The first, if used, implies the code can be contextualized through another employee at the office (the one who wrote it).

The second, if used, implies you may not be able to get an answer as to why the code was written as it was, since an LLM generated it.

sublinear · on Nov 10, 2023

Makes more sense to just not commit generated code without understanding it first. As has been said many times, writing the code was never the hard part. Software devs are still responsible for the integrity of implementation details.

lvncelot · on Nov 10, 2023

Yeah, I like the sentiment here, but I wouldn't pass review on a piece of code that had the "@generated" tag on it to absolve either the author or me as the reviewer of actually understanding what it does.

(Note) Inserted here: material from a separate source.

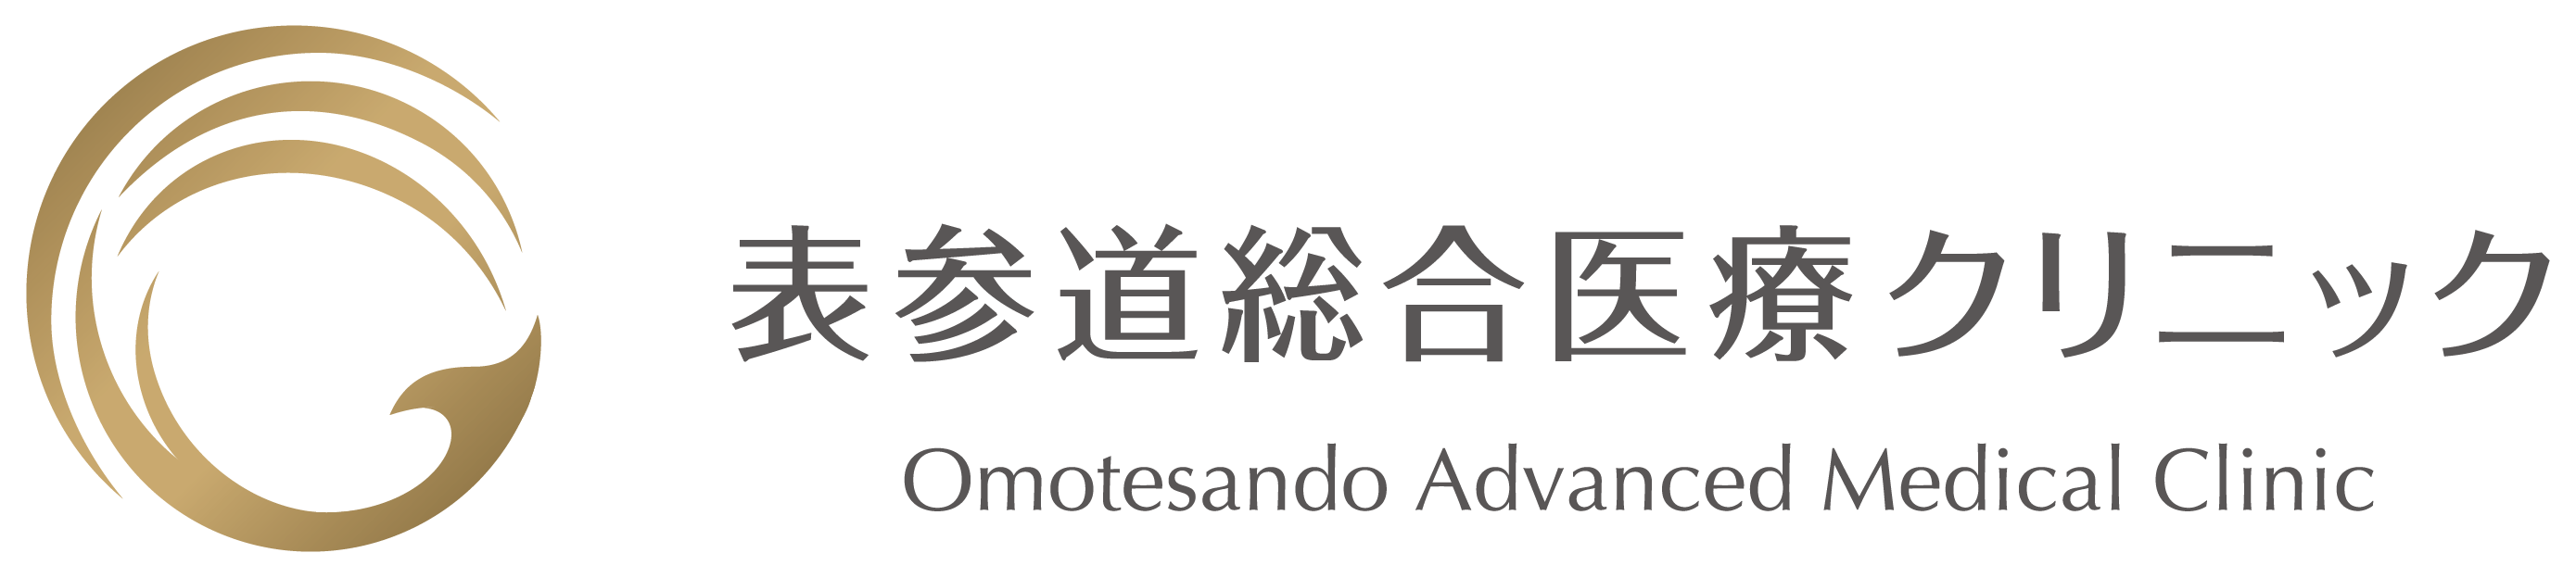 logo_omotesandou

At the end of the day, whether you copy-pasted the code from StackOverflow, let Copilot generate it or M-X-Butterfly'd it in yourself doesn't make a difference as you still need to understand thoroughly what it does.

klhutchins · on Nov 10, 2023

Half joking but I try to make sure to ask the AI to "explain line 5 - 20 as if I am new to coding" and throw that in a comment

sublinear · on Nov 10, 2023

Yup. A bad comment can be worse for maintenance than bad code without any comments.

Manfred · on Nov 10, 2023

People usually commit code that is written by code assistants intermixed with their own changes. You would not be able to track it, even on first commit.

joshuanapoli · on Nov 10, 2023

We can use a fine-grained commit style to distinguish hand-written and machine-written lines of code. I like this style for command-line driven AI tooling, where my tool is making bigger code changes (completing a function or file). In this case, it's easy to include a "git commit..." command in the tool.

Unfortunately, it doesn't work with GitHub Copilot's style, which assumes really fine-grained interaction.

contravariant · on Nov 10, 2023

Honestly if you want to generate less technical debt then writing a function https on top of an url parser is probably the wrong thing to do.

I mean `urlparse(url).scheme = 'https'` is so literal and straightforward that it really ought not be it's own separate function. Adding a wrapper that does nothing but add more code and rethrow the same error is just generating technical debt by writing a function that ought not be.

Arguably all code is technical debt, but so far the world isn't kind enough to bend to our will without any code.

gumballindie · on Nov 11, 2023

I dont understand this fixation with procedural code generation. It doesnt work. Stop spamming us please.

albertzeyer · on Nov 11, 2023

The generated code is still bad.

* Why would it print a warning to stdout for invalid input?

* The function expects an URL. So if it gets sth else, it should not catch that exception on its own. The exception is right.

ThePowerOfFuet · on Nov 10, 2023

Subliminal advertising for Bunq in the header image.